Для меня таким великим природным явлением была Лотта.
Шарлотта Брайтли.
Хочется назвать нелепой случайность, забросившую дочь гениального английского бизнесмена и не менее гениальной советской балерины в обычный вуз обычной восточноевропейской страны. Пусть вуз и был медицинский, но, увидев Лотту рядом с собой на зачислении, я испытала дискомфорт. Ей было не место среди таких, как я.
А меня она выбрала в лучшие подруги.
О чём я молчала у психотерапевта? О том, как мне совестно за свою зависть.
О том, насколько сильно я была поглощена Лоттой. Вы бы тоже не устояли, как не остались бы равнодушны при виде северного сияния.
Аристократичная. Длинные изящные пальцы, гордый профиль. Фигура — идеальные песочные часы. Кажется, у Француазы Саган, хоть могу и ошибаться, была героиня: мне запомнился момент, когда она ехала в поезде, на ней был померанцевого (не моя ли это фантазия? Но другого оттенка мне не хочется называть) цвета свитер, и все мужчины слетелись на её смех и её харизму, словно мотыльки на свет. Лотта была из тех женщин, на которых заглядываются все мужчины за исключением уже безнадёжно влюблённых. И не важно, держат они в руках самокат или трость. Лотта завораживала всех.
Невозможно было не заметить гриву золотистых кудрей, уверенный смех, кошачьи зелёно-голубые глаза и безукоризненный стиль.
Из-за стиля мы с Лоттой часто ругались.

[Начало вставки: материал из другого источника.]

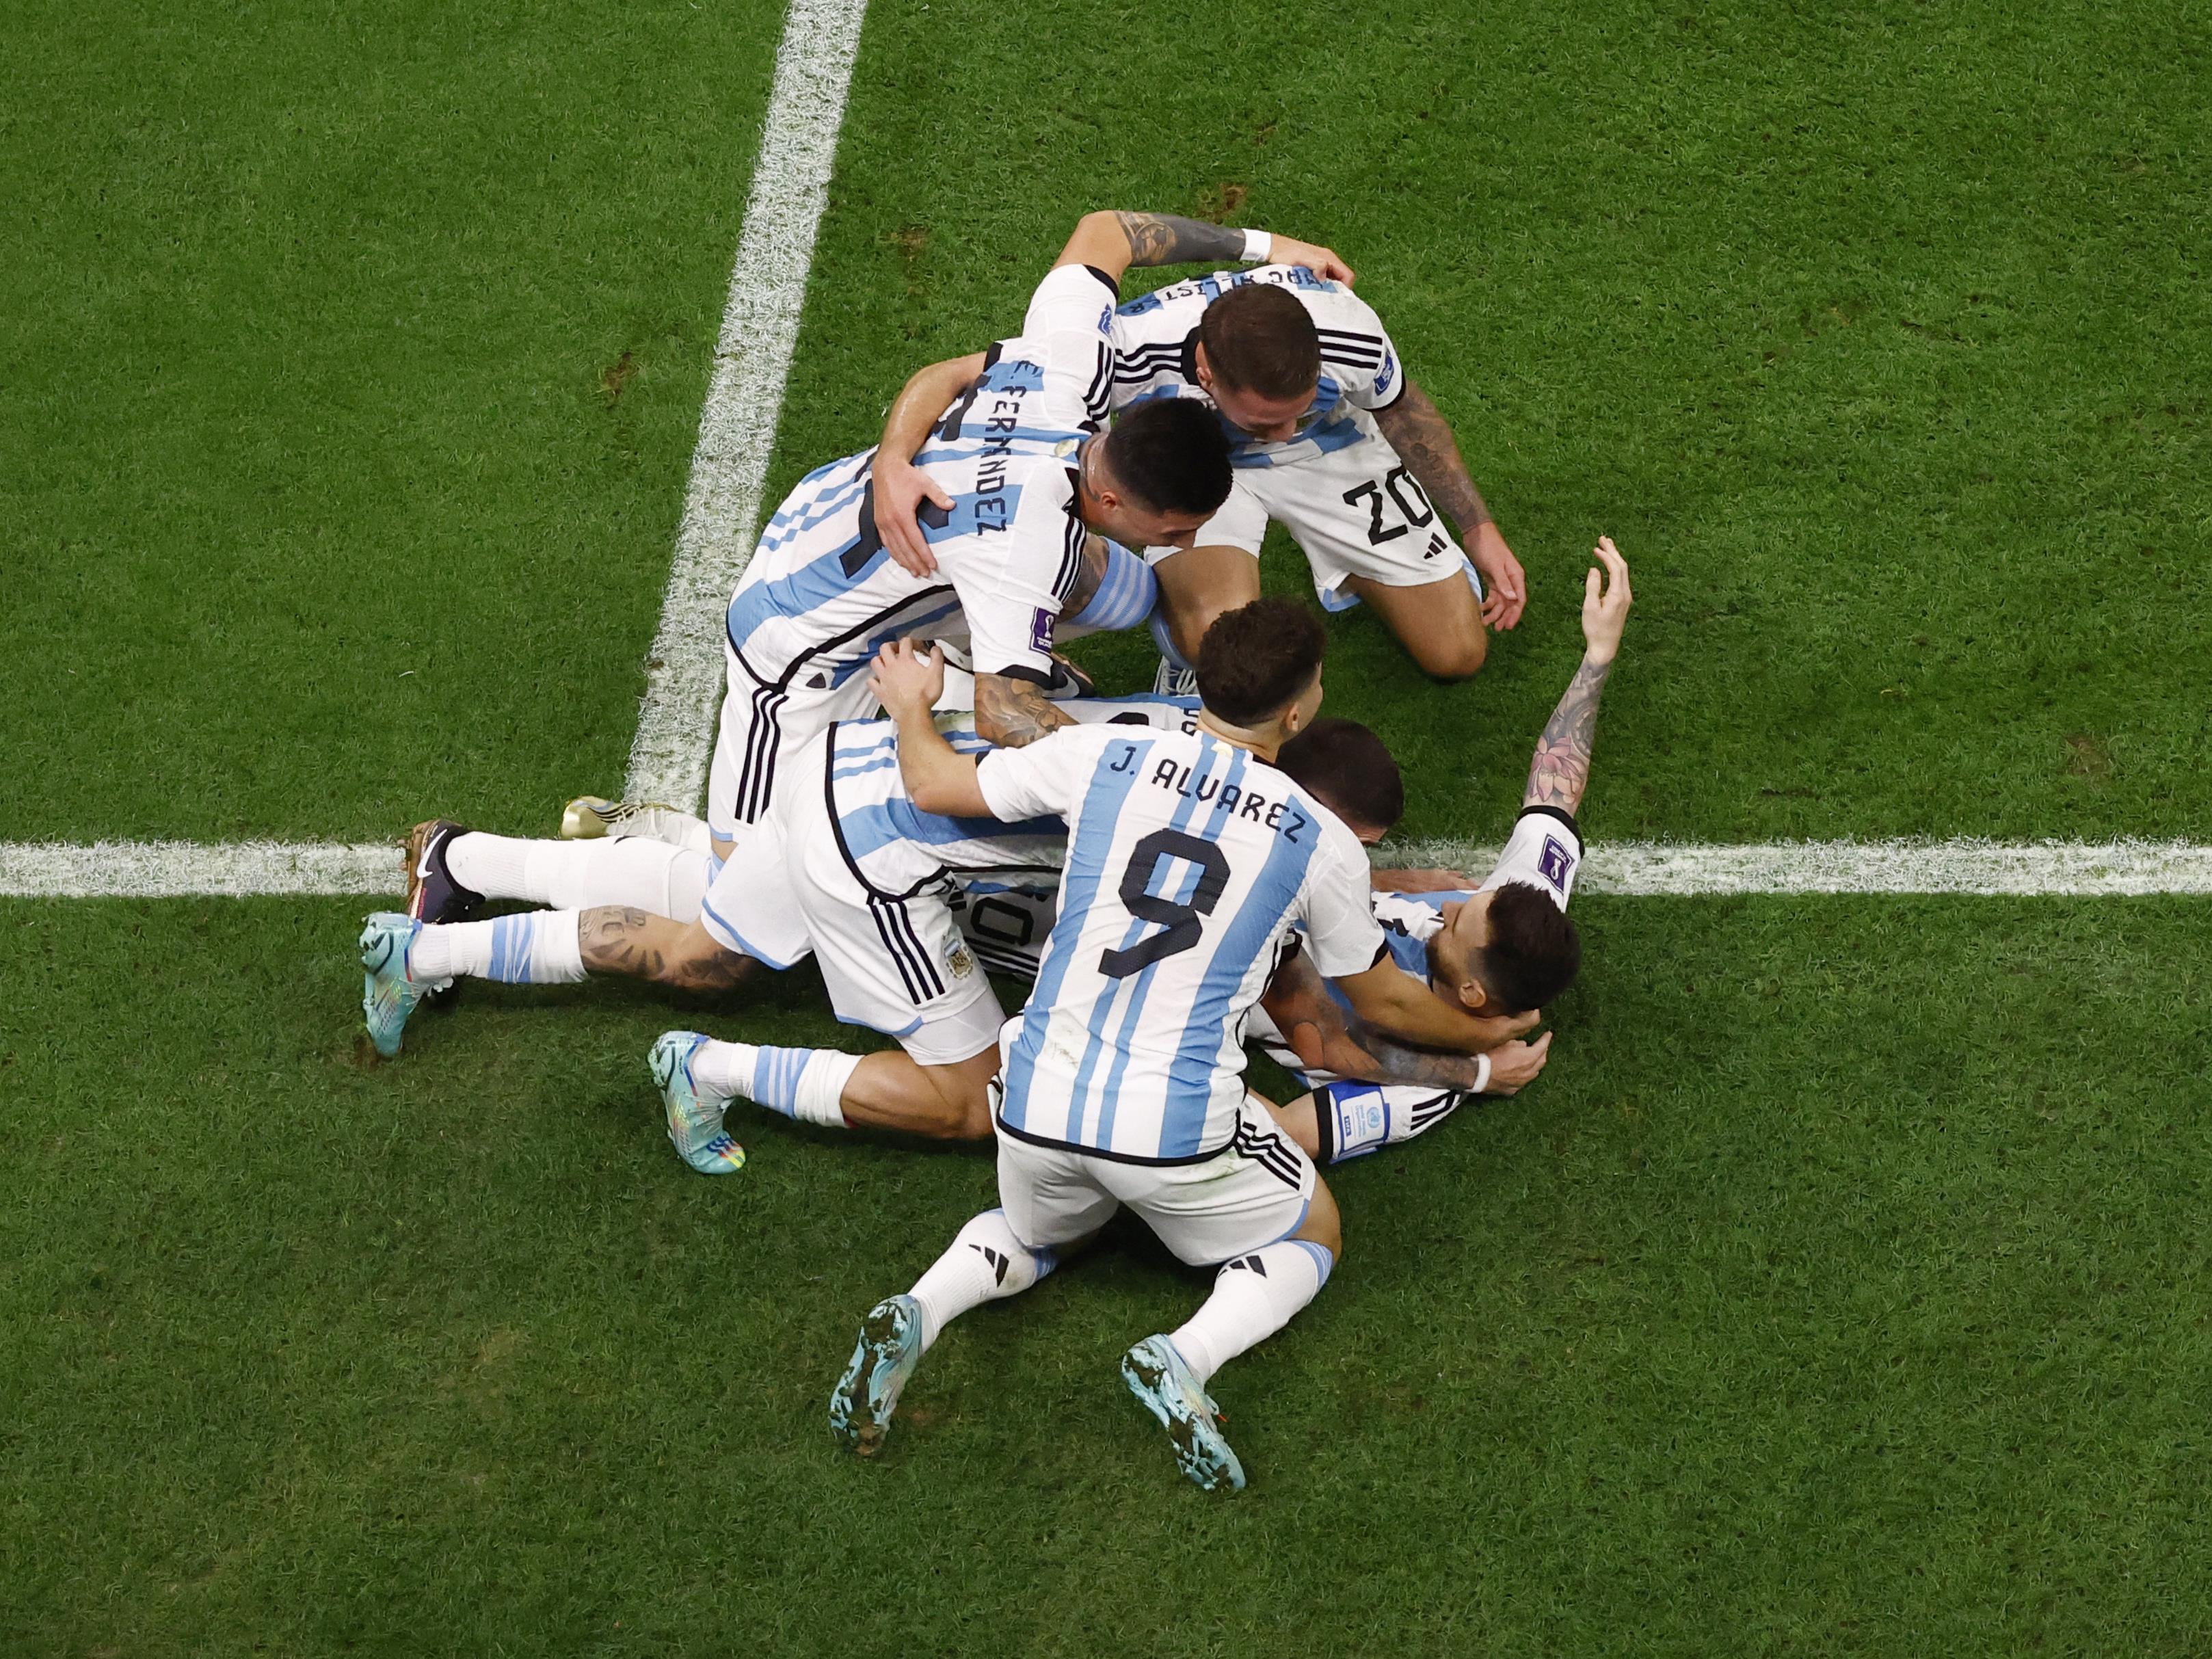 Direct Coupe du monde 2022. L'Argentine bat la France aux tirs au but et  remporte la Coupe du monde

Она всегда выглядела, словно особа королевской крови: гордо, нарядно, изящно, дорого. Ни единой лишней детали, но идеально гармонирующие между собой предметы одежды, пояса (чертовка умела подчёркивать осиную талию), обувь, шарфы и украшения. Лотта не была деликатной в стремлении поучить жизни других, и ожесточённо шипела, протестуя против моих бесформенных кофт и удобных джинсов. «Эльза, ты выглядишь, как девочка-подросток! — хмурила она высокий лоб. — Больше никаких отговорок про маленького ребёнка! Первичная обязанность женщины — следить за собой».
Если подруга звала меня Эльзой, значит, дело было серьёзно. Сопротивление бесполезно. Только самое сокровенное и важное она доверяла мне после этого обращения. Лизонька, Лиза, Элизабет — это всё для тривиальных случаев. Эльза — это «Король говорит».
Я злилась, но повиновалась. На очередную прогулку с двухлетней Машкой натягивала на себя свитер поприличнее, повязывала на шее легчайший шёлковый платок (угадайте, чей подарок). Заехавшая к нам после работы Лотта одобрительно кивнула. Жизнь прожита не зря. Это я с сарказмом, если что.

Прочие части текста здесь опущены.